Some block sizes cause huge performance loss Explanation?

Hi,

i have evaluated some of my kernels just for fun.
It makes a 2D texture fetch from a cudaArray and writes the results into global memory.
The size of the cudaArray is 3872x2592 and the texture is of type float.

I just chose different kernel sizes and measured the performance.

Can somebody explain to me the huge performance differences between some kernel sizes, especially when flipping x and y values, e.g. 32x1 and 1x32?
I’m just curious :)

Here are the results:

X/Y-Dim time in ms

1x64 27,426782
64x1 2,543981
1x128 37,969942
128x1 2,422973
1x256 44,608599
256x1 2,476707
1x512 53,529848
512x1 3,162500
2x32 18,674770
32x2 2,423880
2x64 19,494978
64x2 2,356946
2x128 22,072669
128x2 2,391780
2x256 26,533794
256x2 3,040203
4x16 15,643937
16x4 2,426352
4x32 17,852010
32x4 2,324094
4x64 17,716129
64x4 2,362986
4x128 16,990306
128x4 3,001795
8x8 15,620242
8x16 16,027394
16x8 2,377708
8x32 16,674307
32x8 2,366984
8x64 16,616040
64x8 3,069006
16x16 2,466906
16x32 3,245966
32x16 3,059281

Thank you!

Wide, low blocks (ie, like 64x2) seem to be faster than narrow, high ones (like 2x64). I remember someone from NVidia stating this as well.
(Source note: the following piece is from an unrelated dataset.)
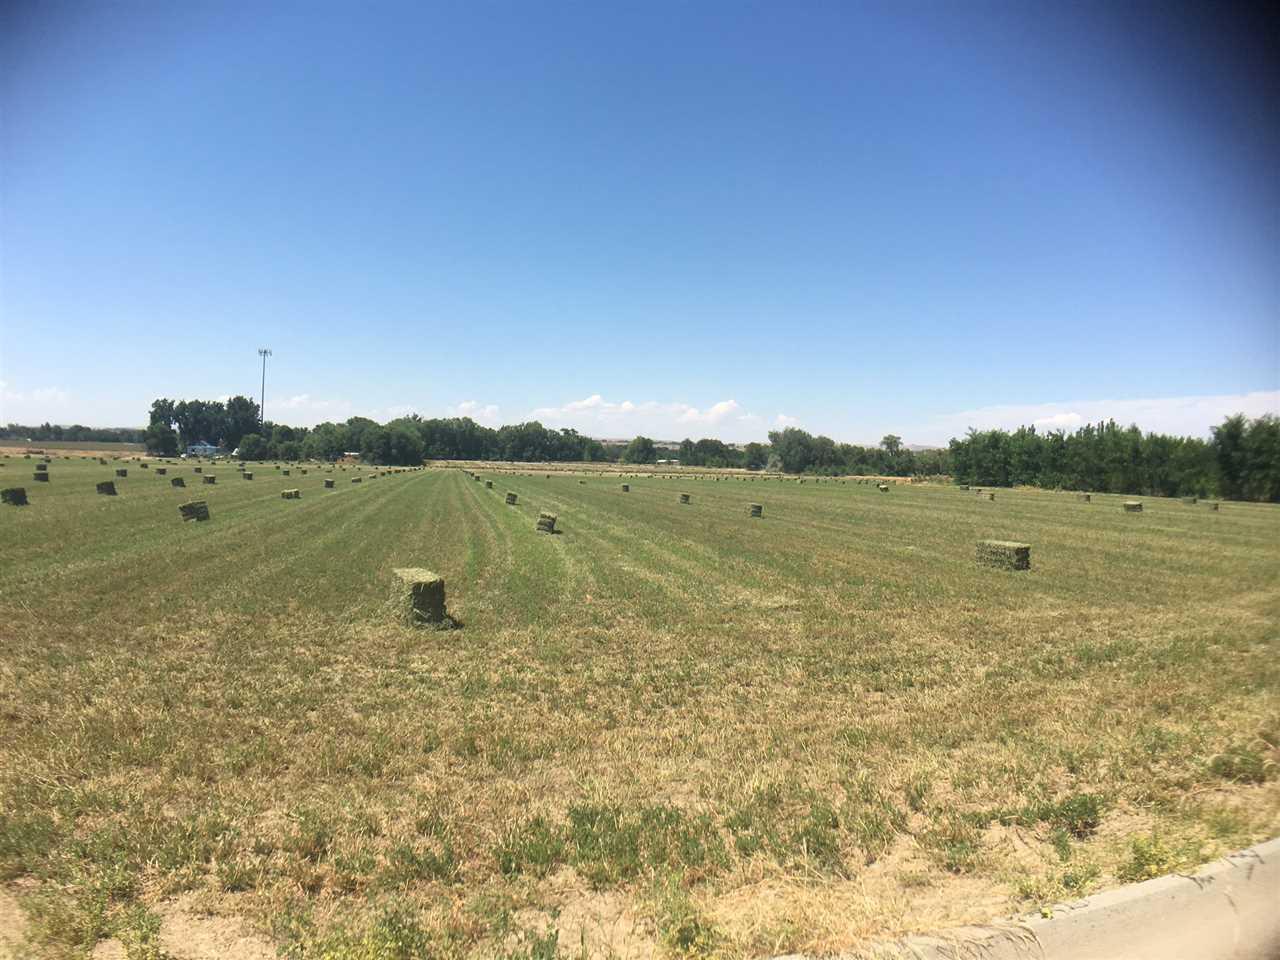 TBD Iowa Ave,Payette,Idaho 83661,Farm & Ranch,TBD Iowa Ave,98670556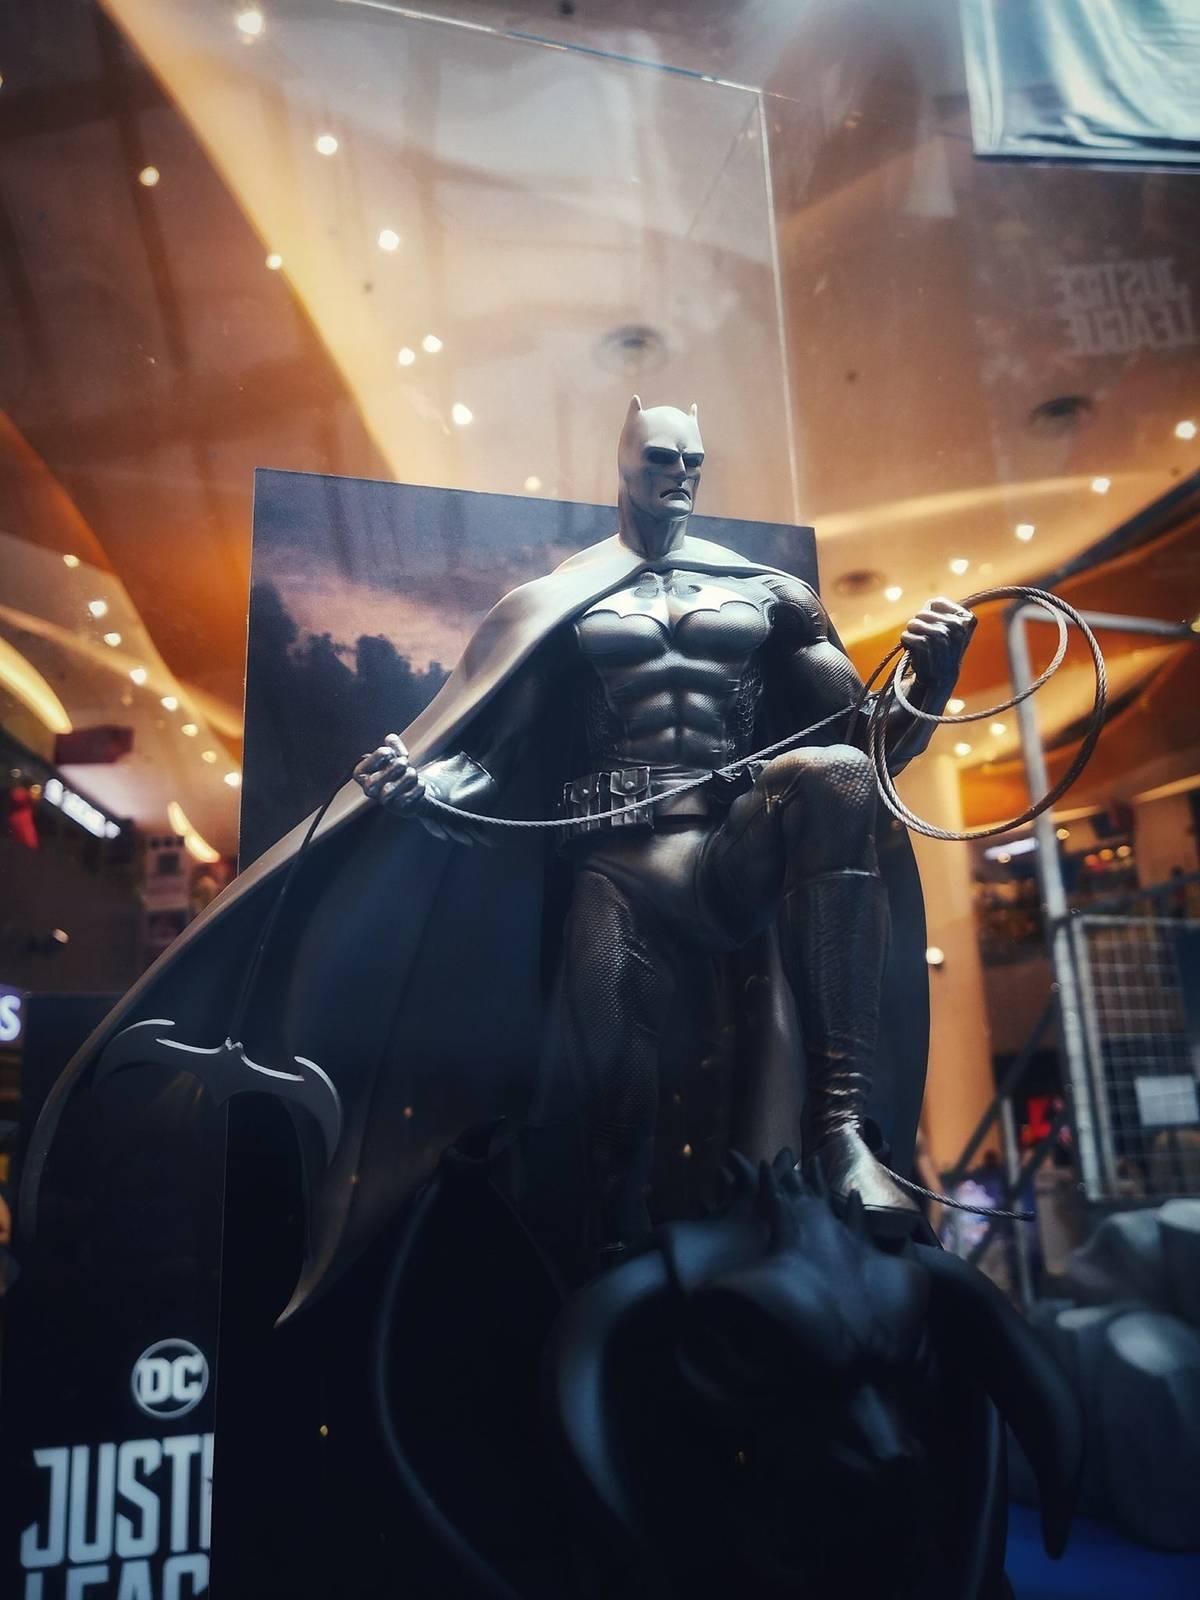 Limited Edition Batman by Royal Selangor

In this case, isn’t it due to global memory coalescing? And maybe the texture cache is larger in X than in Y direction.

Thanks, wumpus.
Sounds plausible.
I couldn’t find anything about it in the programming guide so I’m hoping some NVIDIA engineering verify this.

And this is also not only the case for texture accesses.
I get similar performance differences when simply reading from an array.